▶ Information provided:
------------------------------
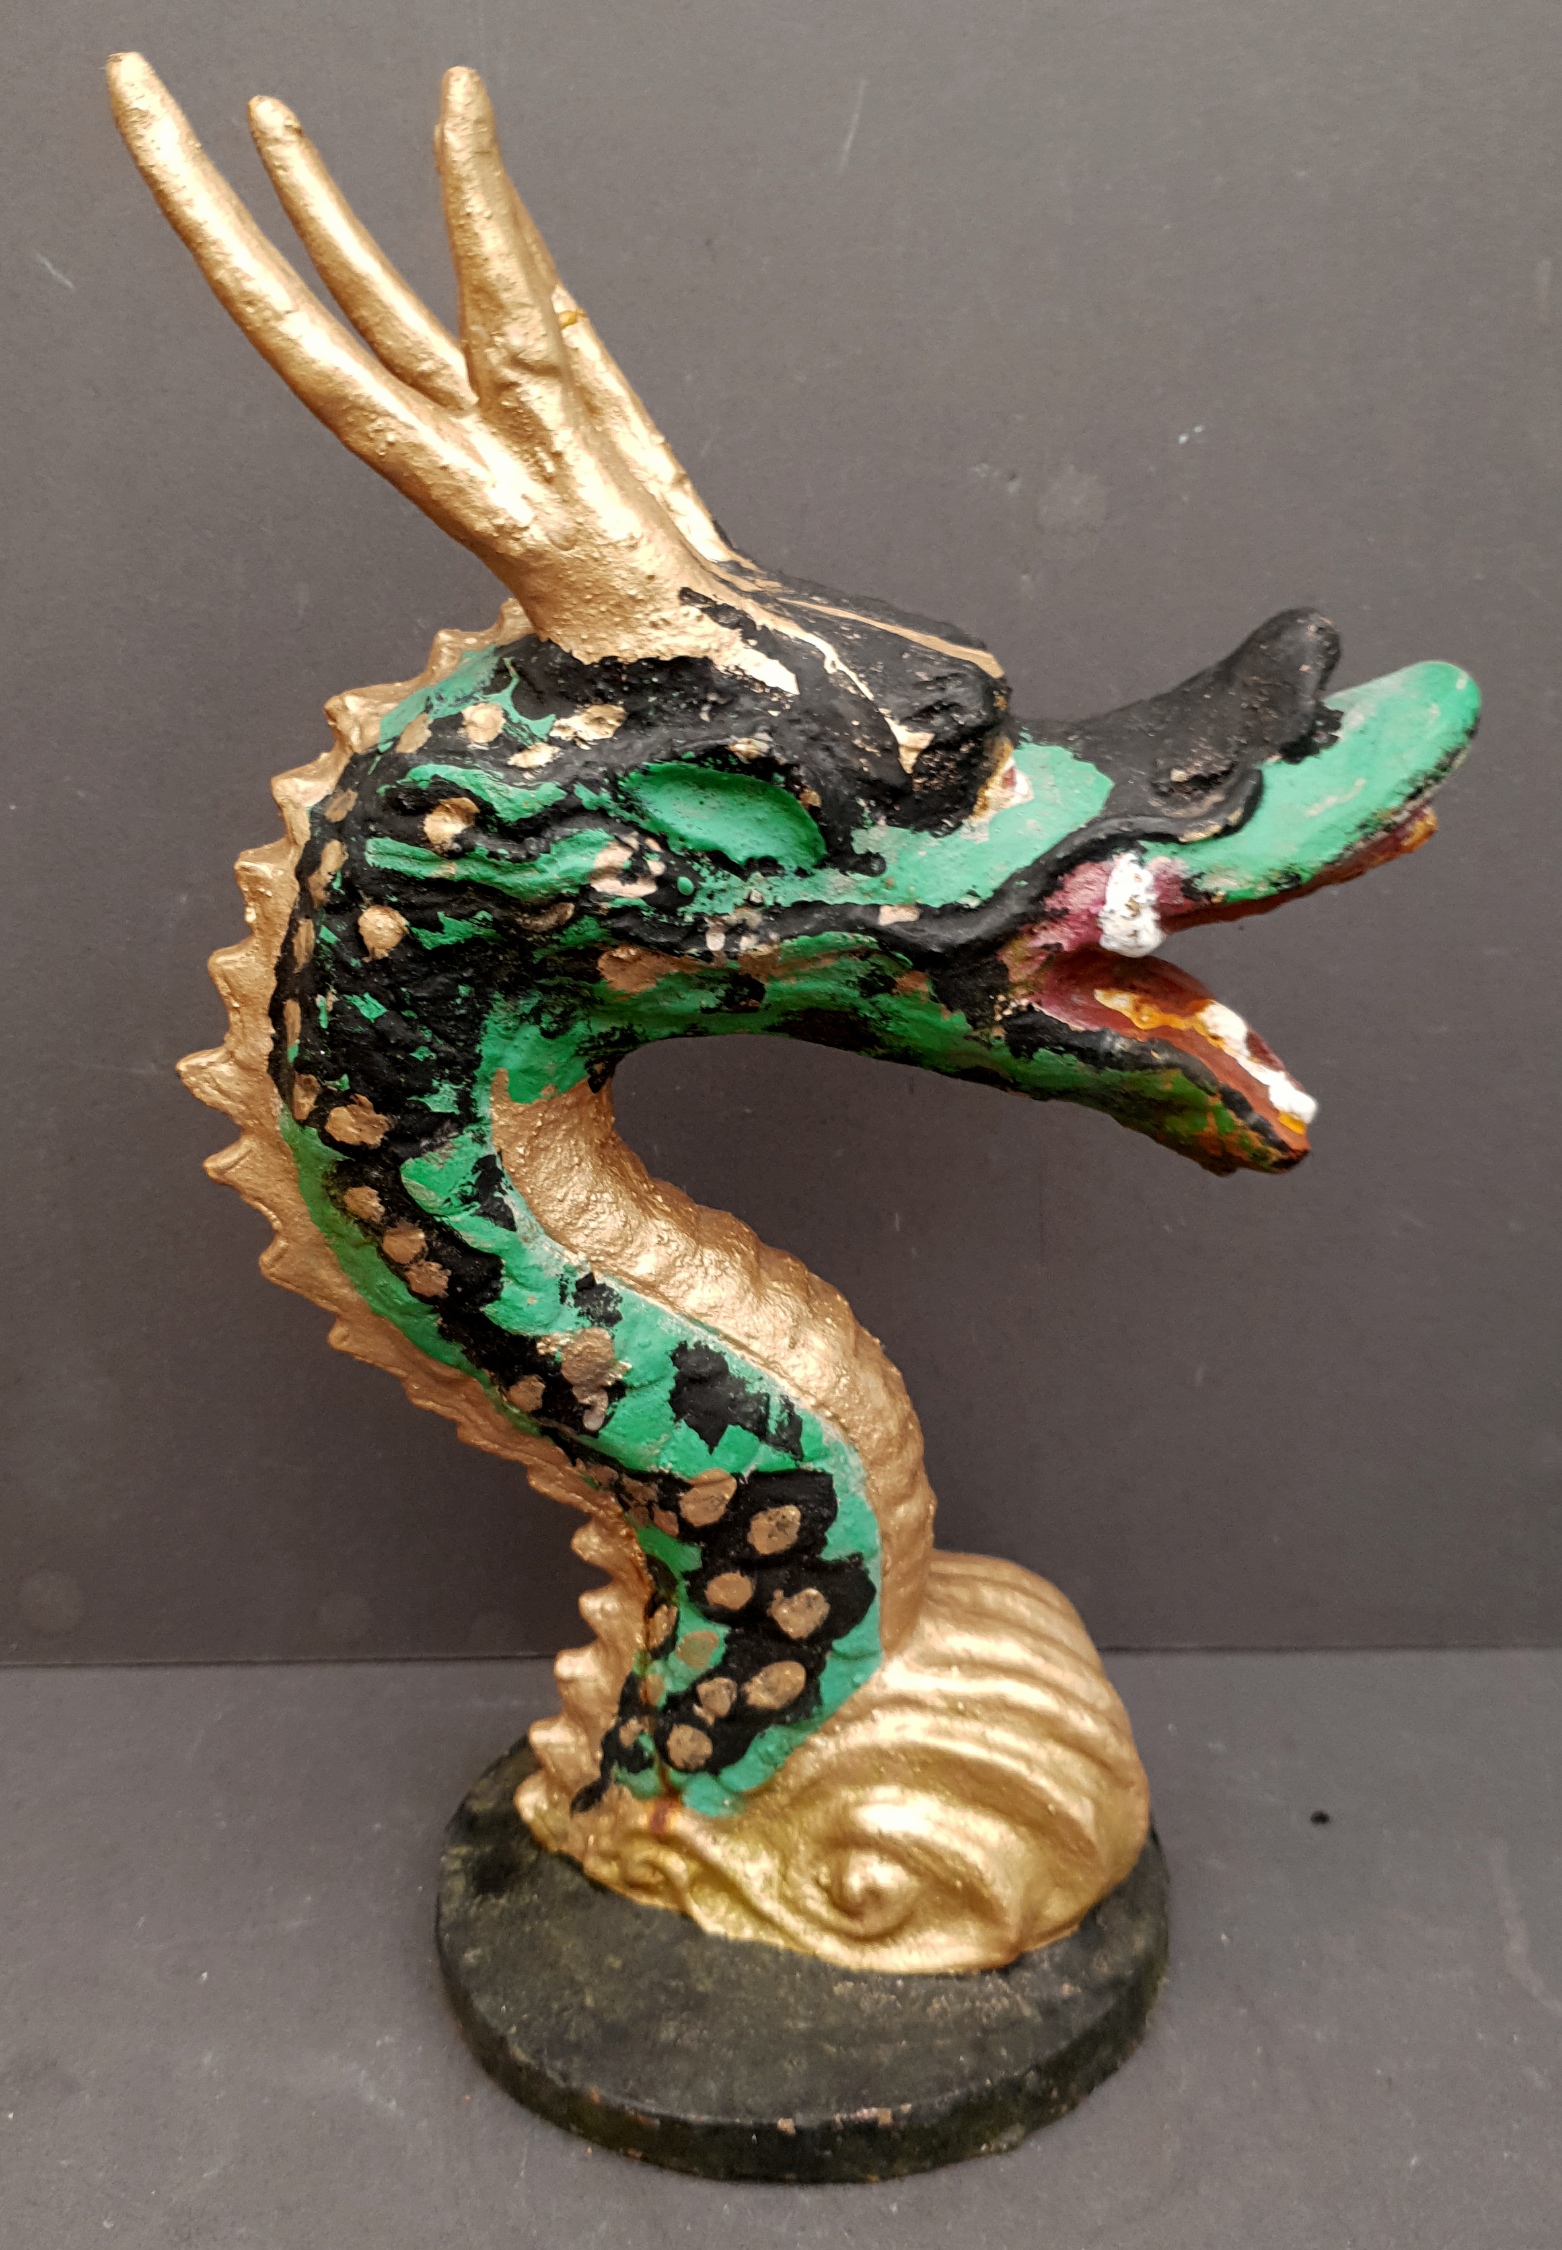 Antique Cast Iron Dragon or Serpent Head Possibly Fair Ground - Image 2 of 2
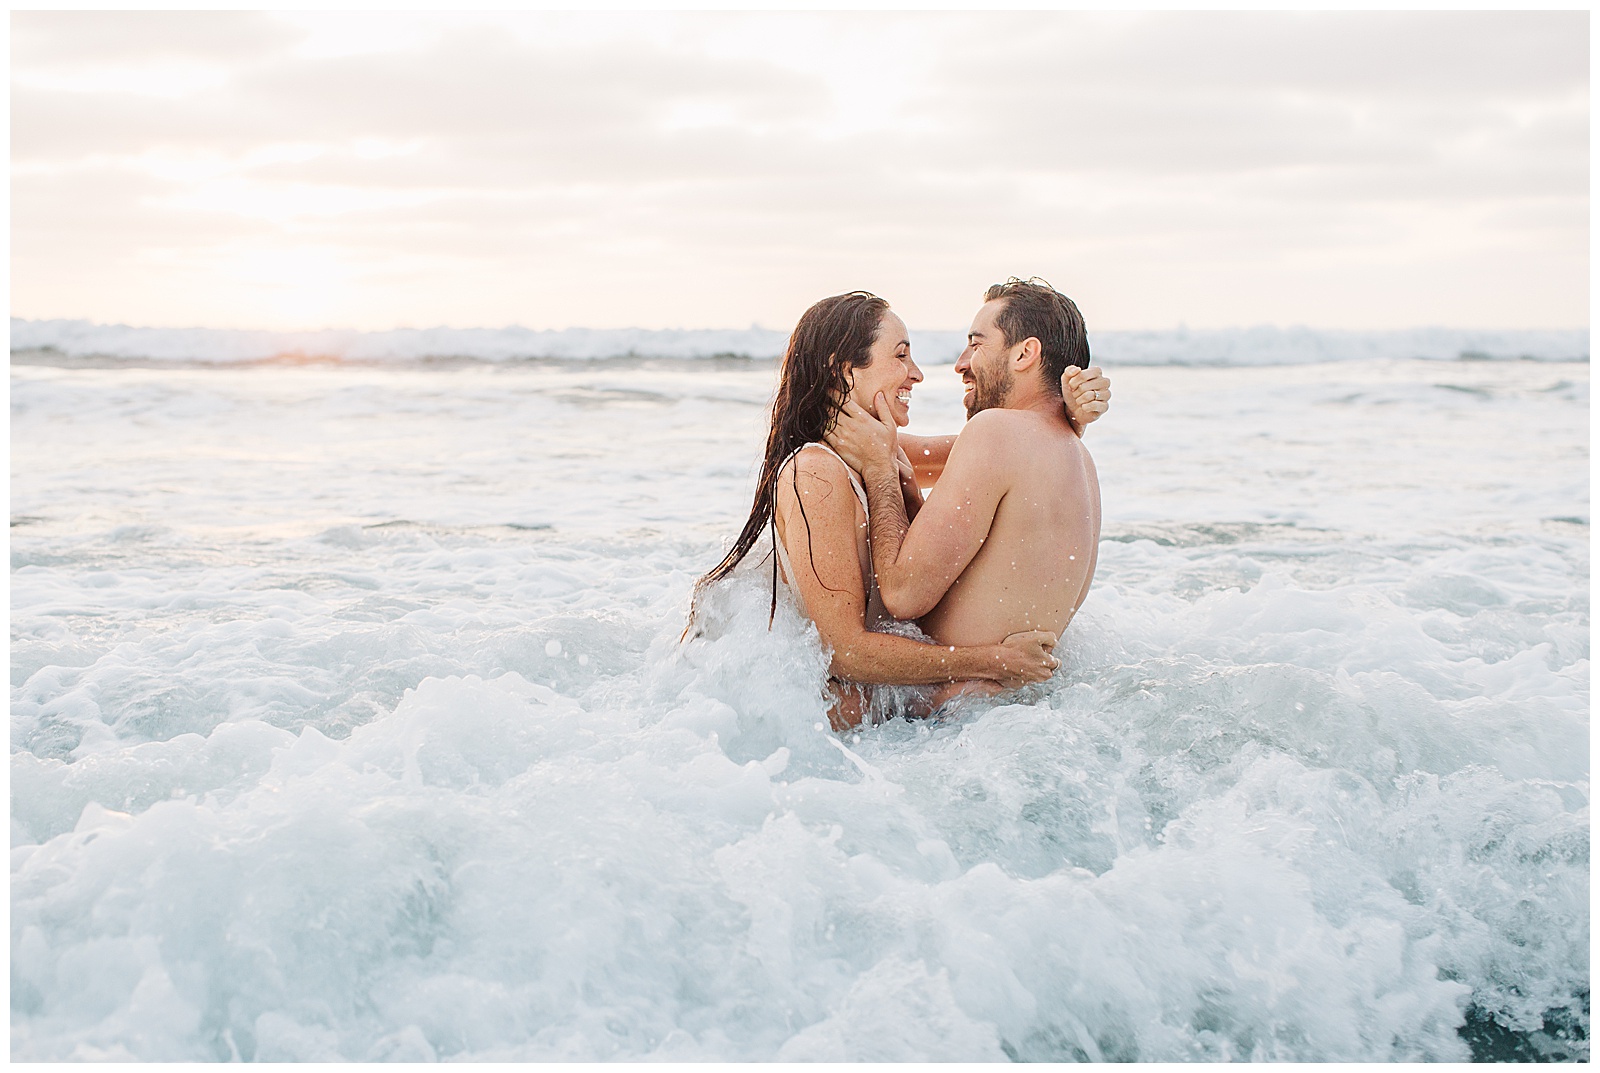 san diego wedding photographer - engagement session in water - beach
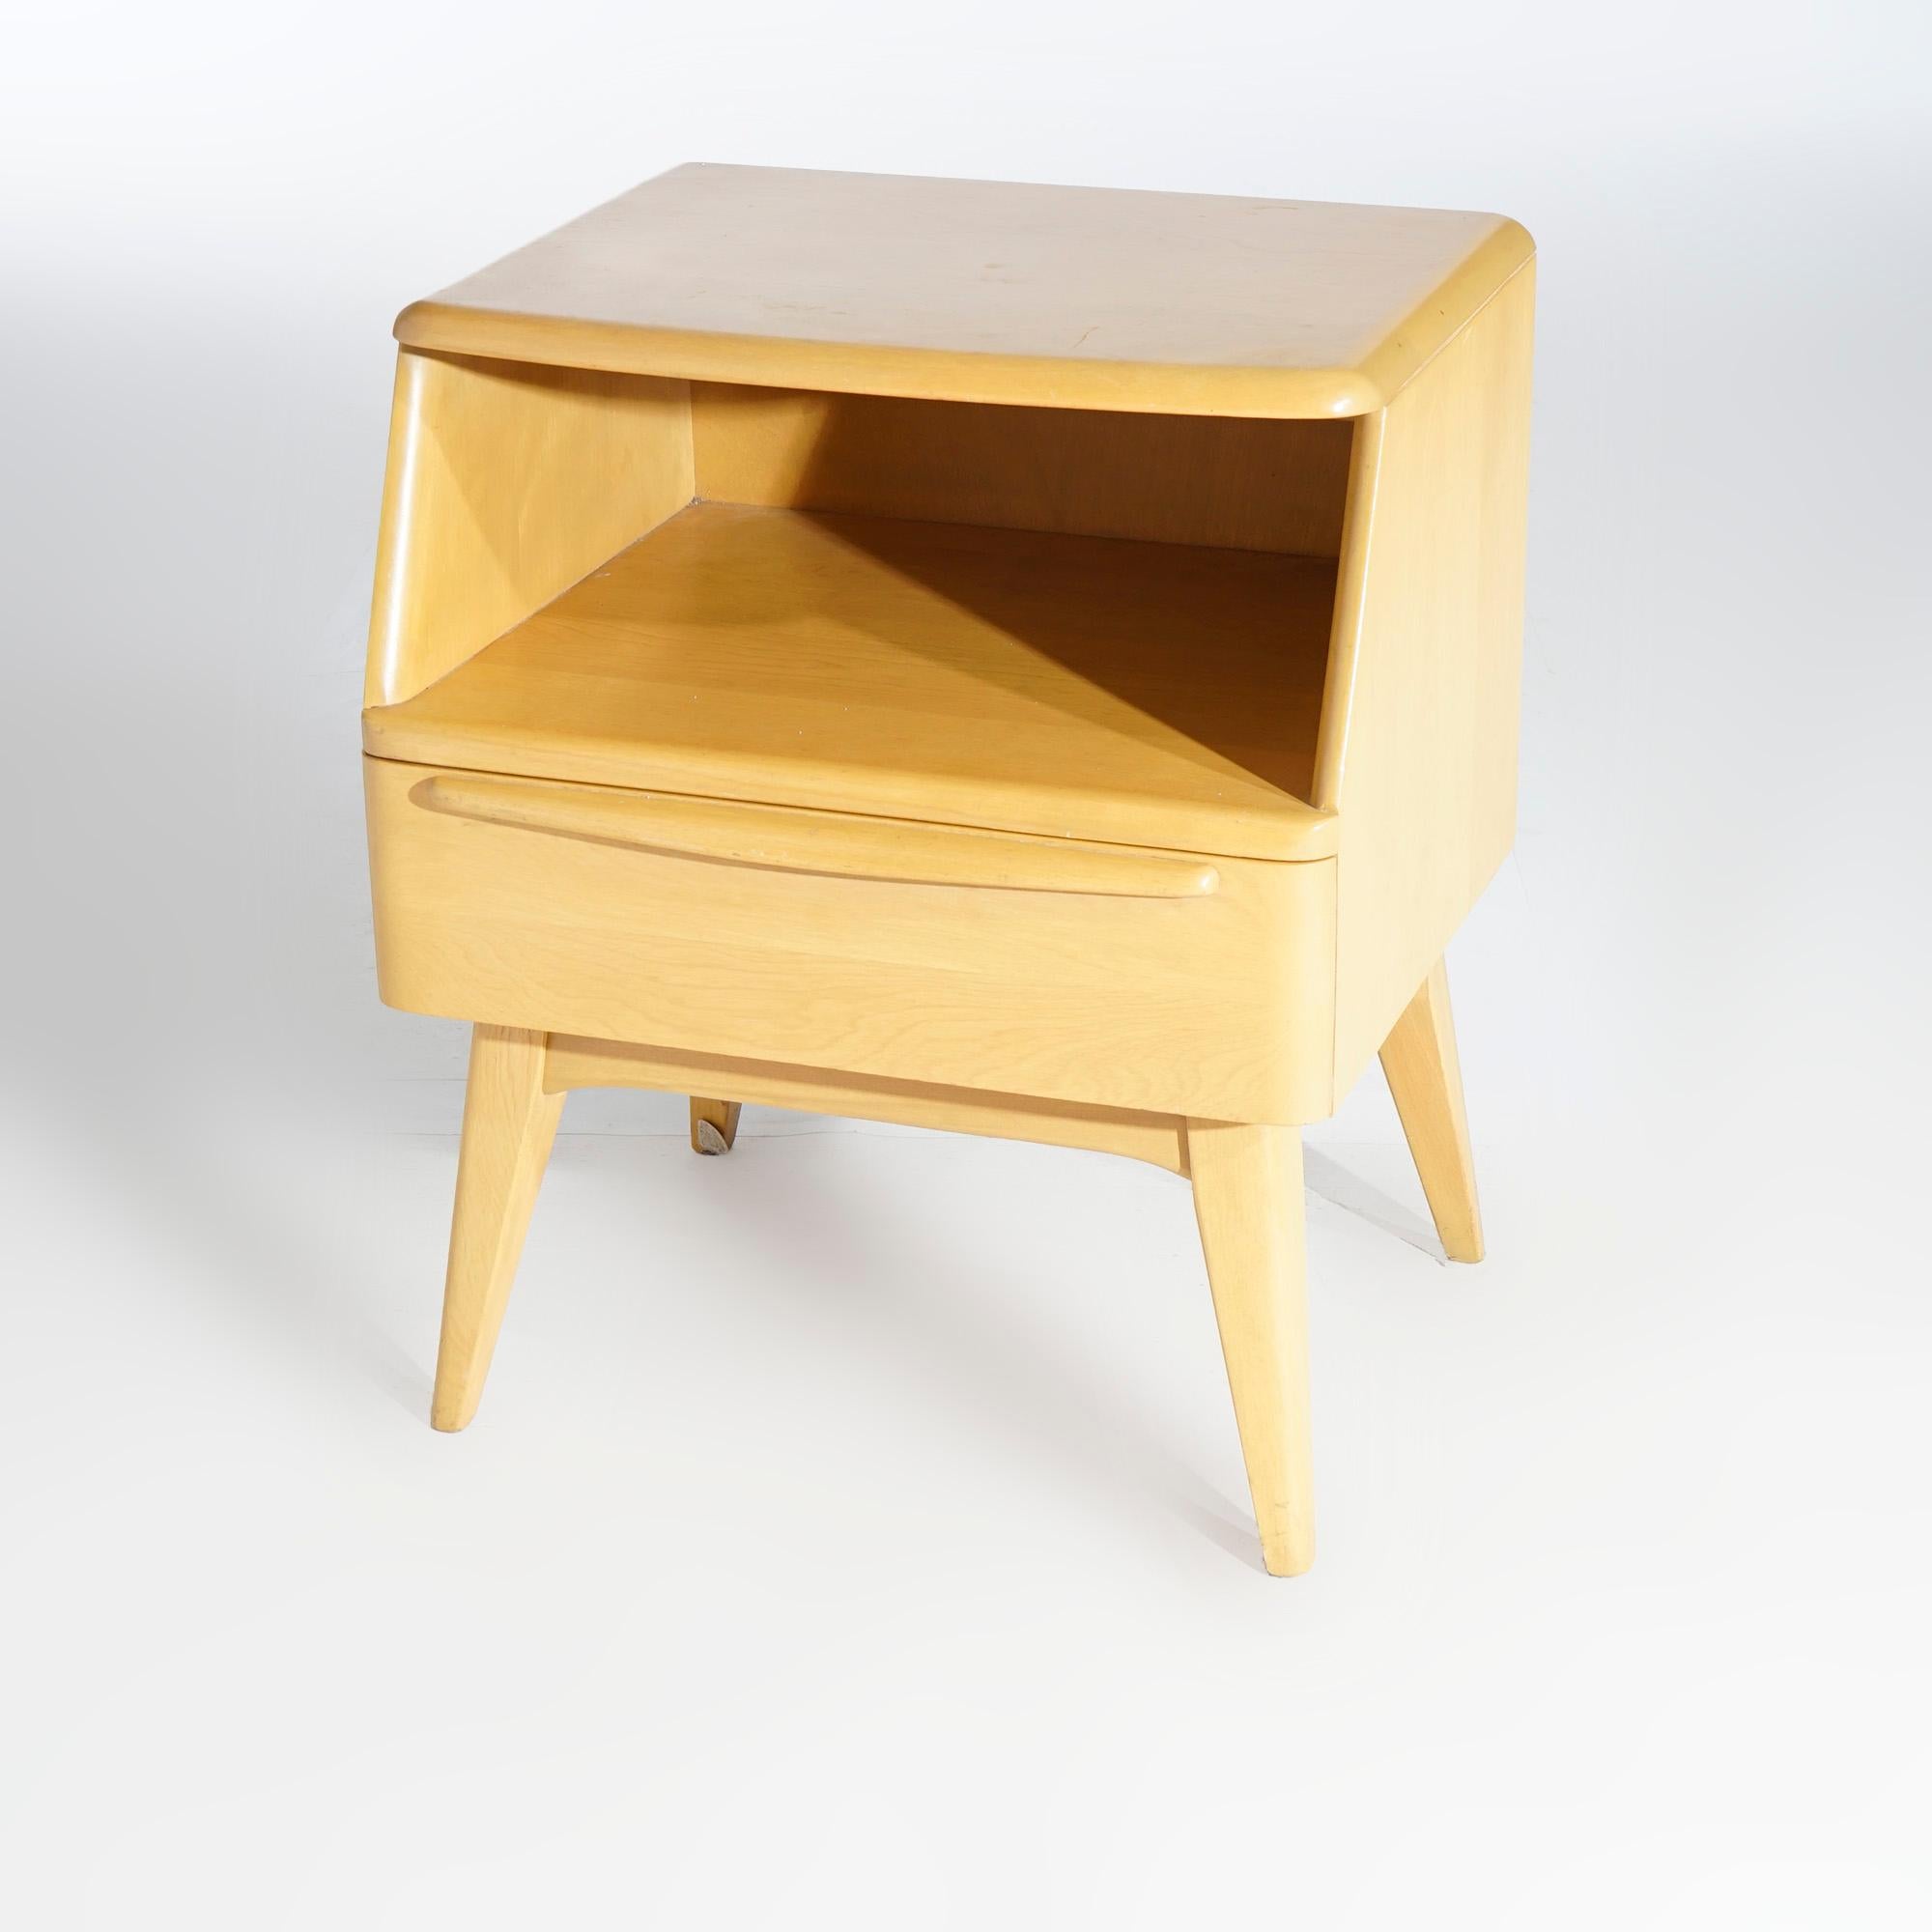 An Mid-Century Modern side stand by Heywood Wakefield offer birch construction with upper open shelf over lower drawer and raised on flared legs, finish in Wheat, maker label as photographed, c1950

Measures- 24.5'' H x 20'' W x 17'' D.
------------------------------
▶ Exercise directions: Repeat the full listing above exactly, with no pictures in the copy.

▶ Response to this exercise:
 Antique Cast Iron Dragon or Serpent Head Possibly Fair Ground - Image 2 of 2
 san diego wedding photographer - engagement session in water - beach
 An Mid-Century Modern side stand by Heywood Wakefield offer birch construction with upper open shelf over lower drawer and raised on flared legs, finish in Wheat, maker label as photographed, c1950

Measures- 24.5'' H x 20'' W x 17'' D.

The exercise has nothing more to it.